The esotericist and philosopher Rudolf Steiner spoke in various lectures (now published) about Novalis and his influence on anthroposophy.

The literary critic, philosopher and photographer's Franz Roh term magischer Realismus that he coined in his 1925 book Nach-Expressionismus, Magischer Realismus: Probleme der neuesten europäischen Malerei (Post-expressionism, Magic Realism: Problems in Recent European Painting) may have been inspired by Novalis's term magischer Realist.

André Breton and the Surrealists were greatly influenced by Novalis. Breton cited Novalis extensively in his study of art history, L'Art Magique, as well.

The 20th-century philosopher Martin Heidegger uses a Novalis fragment, "Philosophy is really homesickness, an urge to be at home everywhere" in the opening pages of The Fundamental Concepts of Metaphysics.

The UK Charity "Novalis Trust" which provides care and education for individuals with additional needs.
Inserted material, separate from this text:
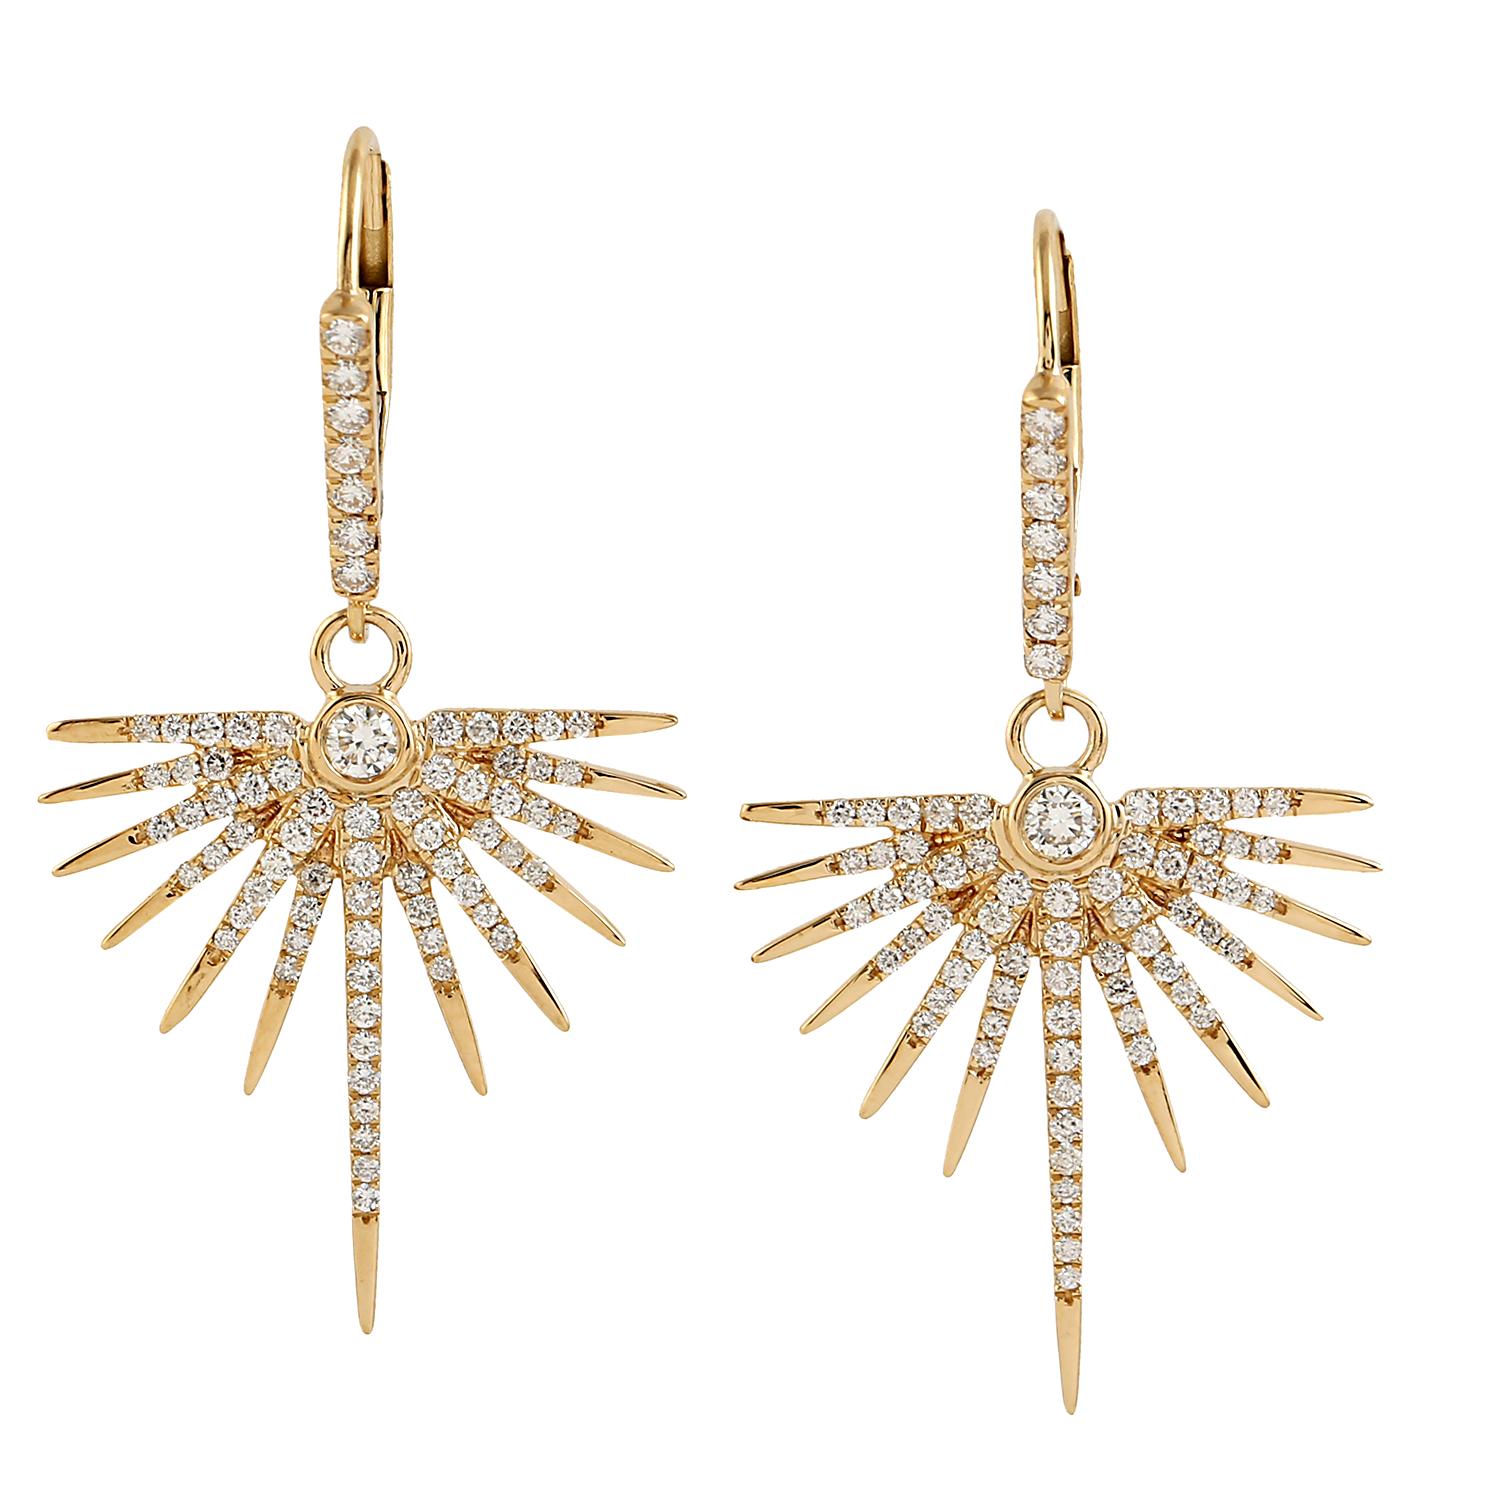 Sunburst Earrings With Diamonds Made In 18k Yellow Gold In New Condition For Sale In New York, NY
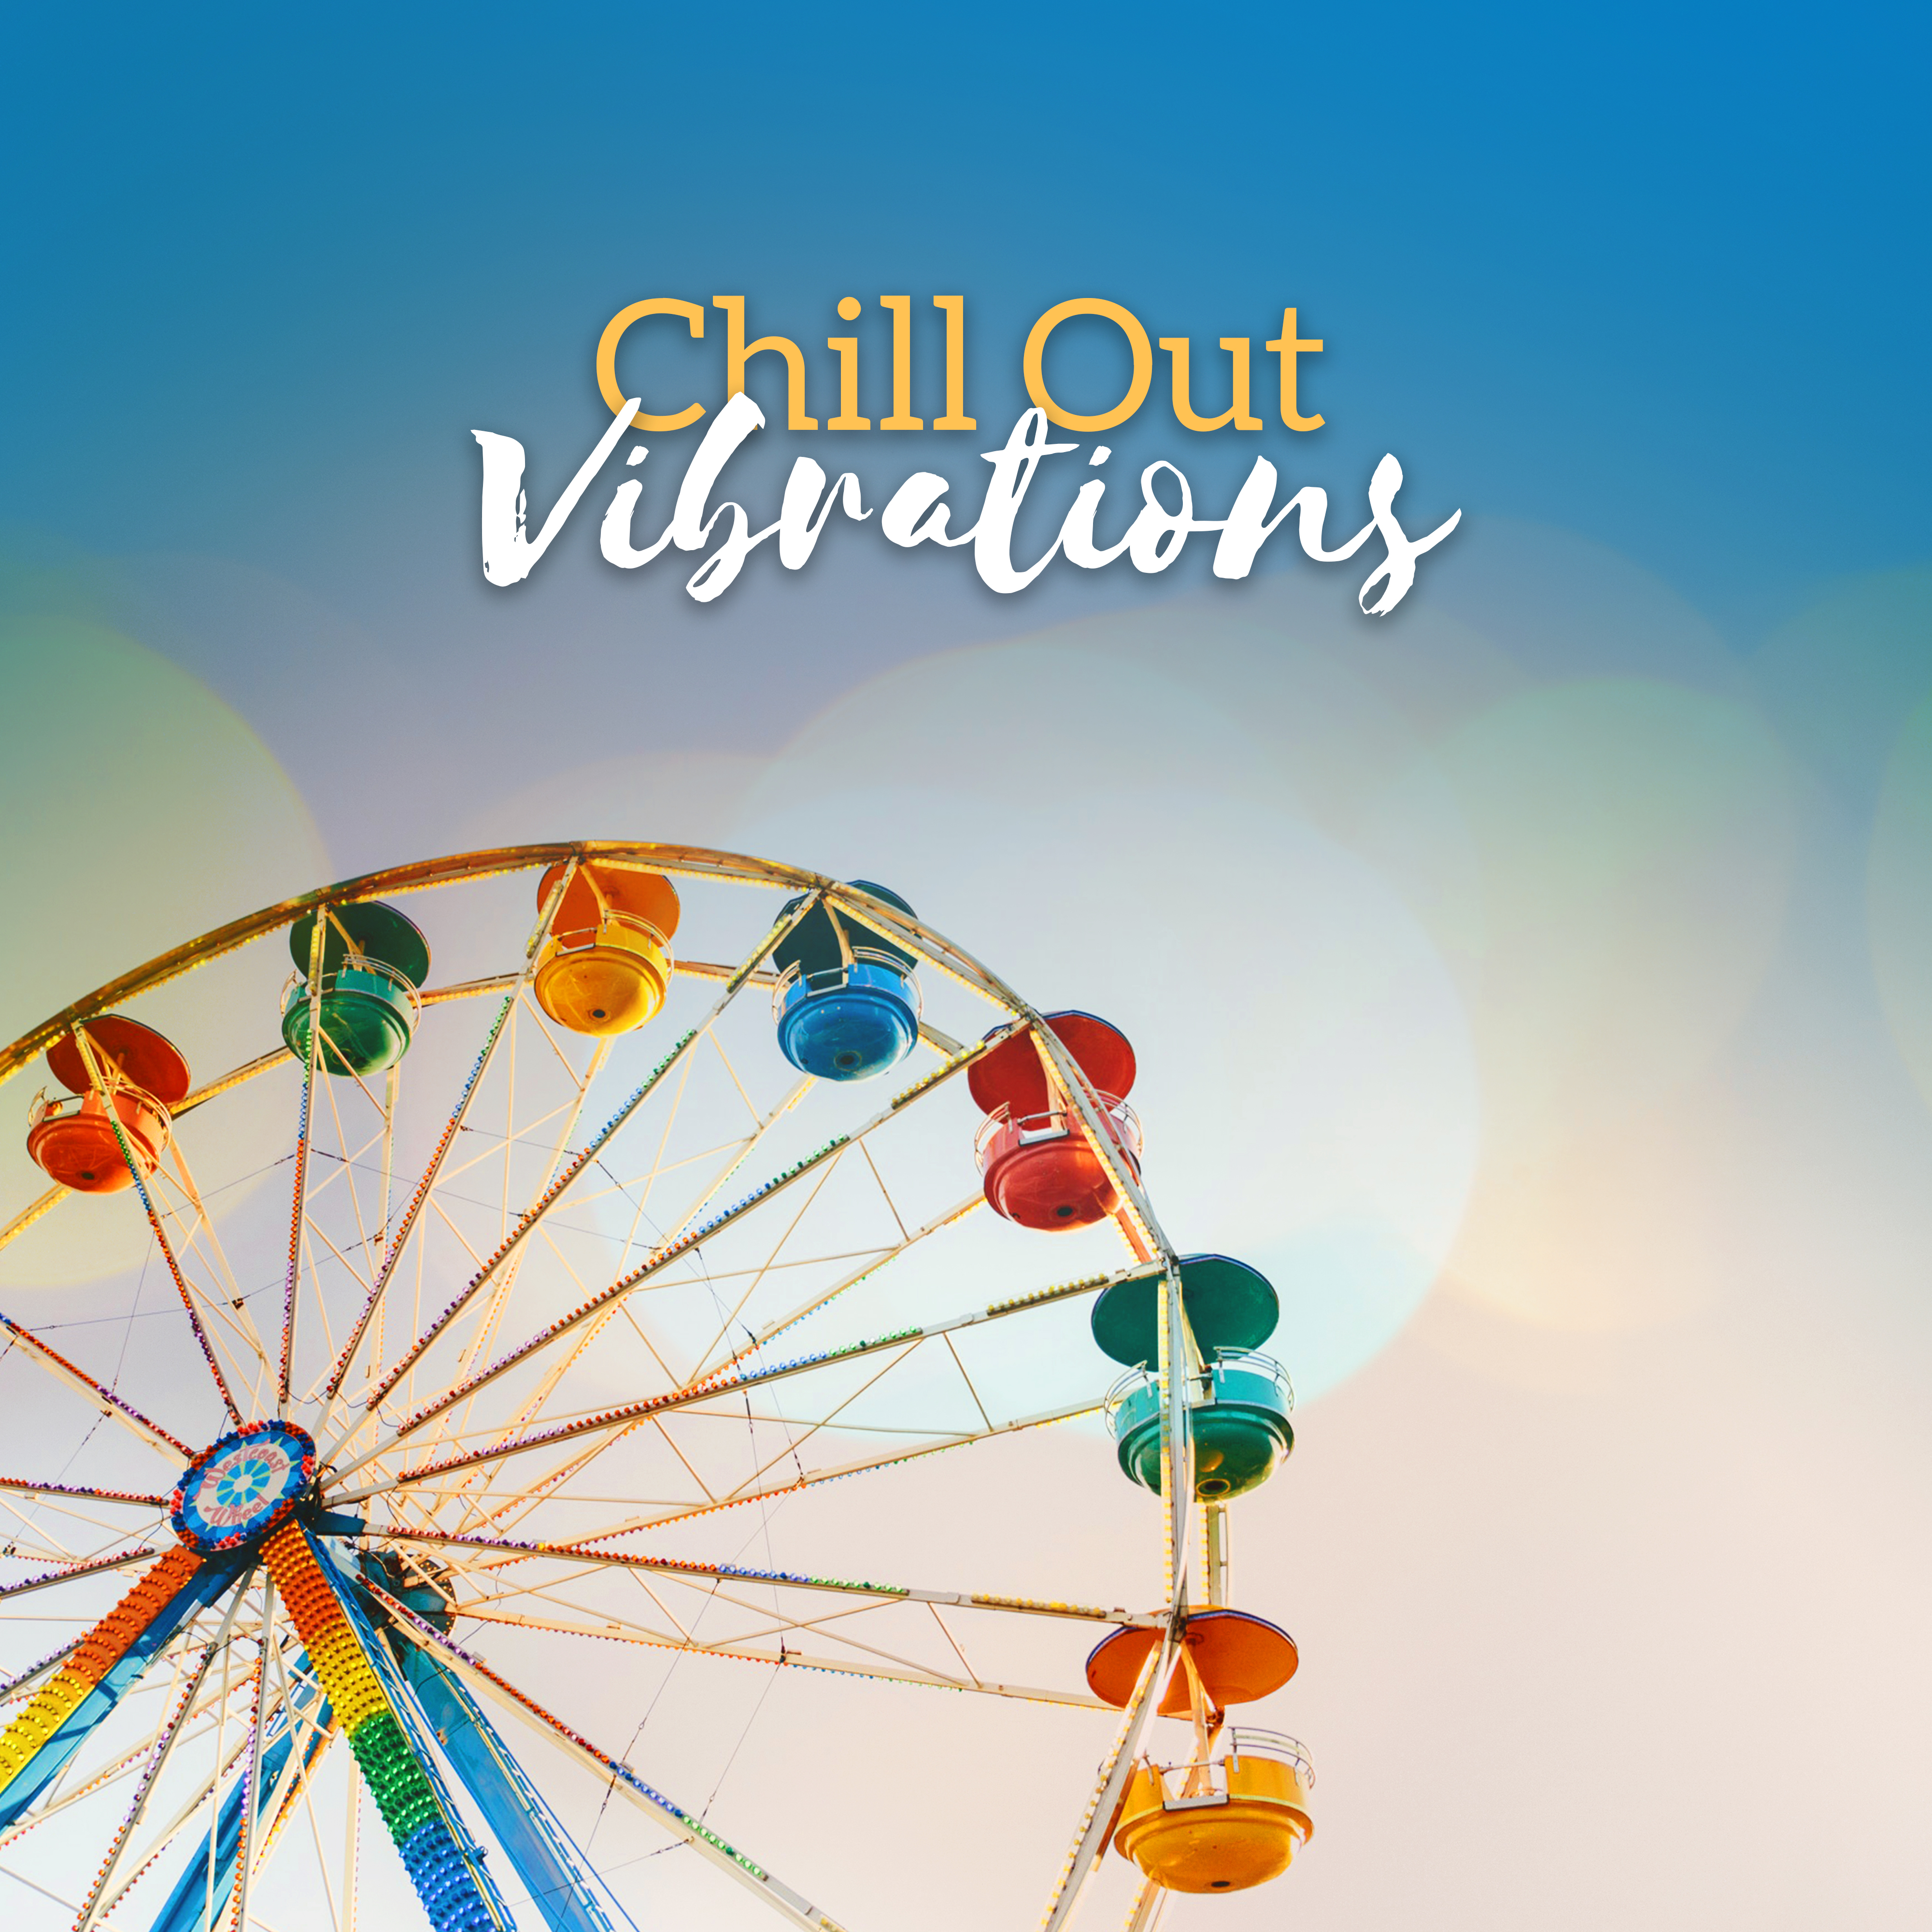 Chill Out Vibrations  Soft Chill Out Melodies, Summer Vibes, Holiday Music, Sunshine Sounds

The author Hermann Hesse's writing was influenced by Novalis's poetry, and Hesse's last full-length novel Glasperlenspiel (The Glass Bead Game) contains a passage that appears to restate one of the fragments in Novalis's Pollen.

The artist and activist Joseph Beuys's aphorism "Everyone is an artist" was inspired by Novalis, who wrote "Every person should be an artist" in Faith and Love or the King and the Queen.

The author Jorge Luis Borges refers often to Novalis in his work.

The krautrock band Novalis took their name from Novalis and used his poems for lyrics on their albums.

Novalis records, which are produced by AVC Audio Visual Communications AG, Switzerland, was named in tribute to Novalis's writings.

The avant-garde filmmaker Stan Brakhage made the short film First Hymn to the Night – Novalis in 1994. The film, which visually incorporates the text of Novalis's poem, was issued on Blu-ray and DVD in an anthology of Brakhage's films by Criterion Collection.

The artist and animator Chris Powell created the award-winning animated film Novalis. The title character is a robot named after Novalis.

Novalis has also influenced film theory by way of Jacques Rancière, who employs various elements of German Idealism and Romanticism in his philosophical work on critical philosophy and the regimes of art.

The composer, guitarist, and electronic music artist Erik Wøllo titled one of his songs "Novalis".

Penelope Fitzgerald based her historical novel The Blue Flower on Novalis's love affair with Sophie and her influence on his art.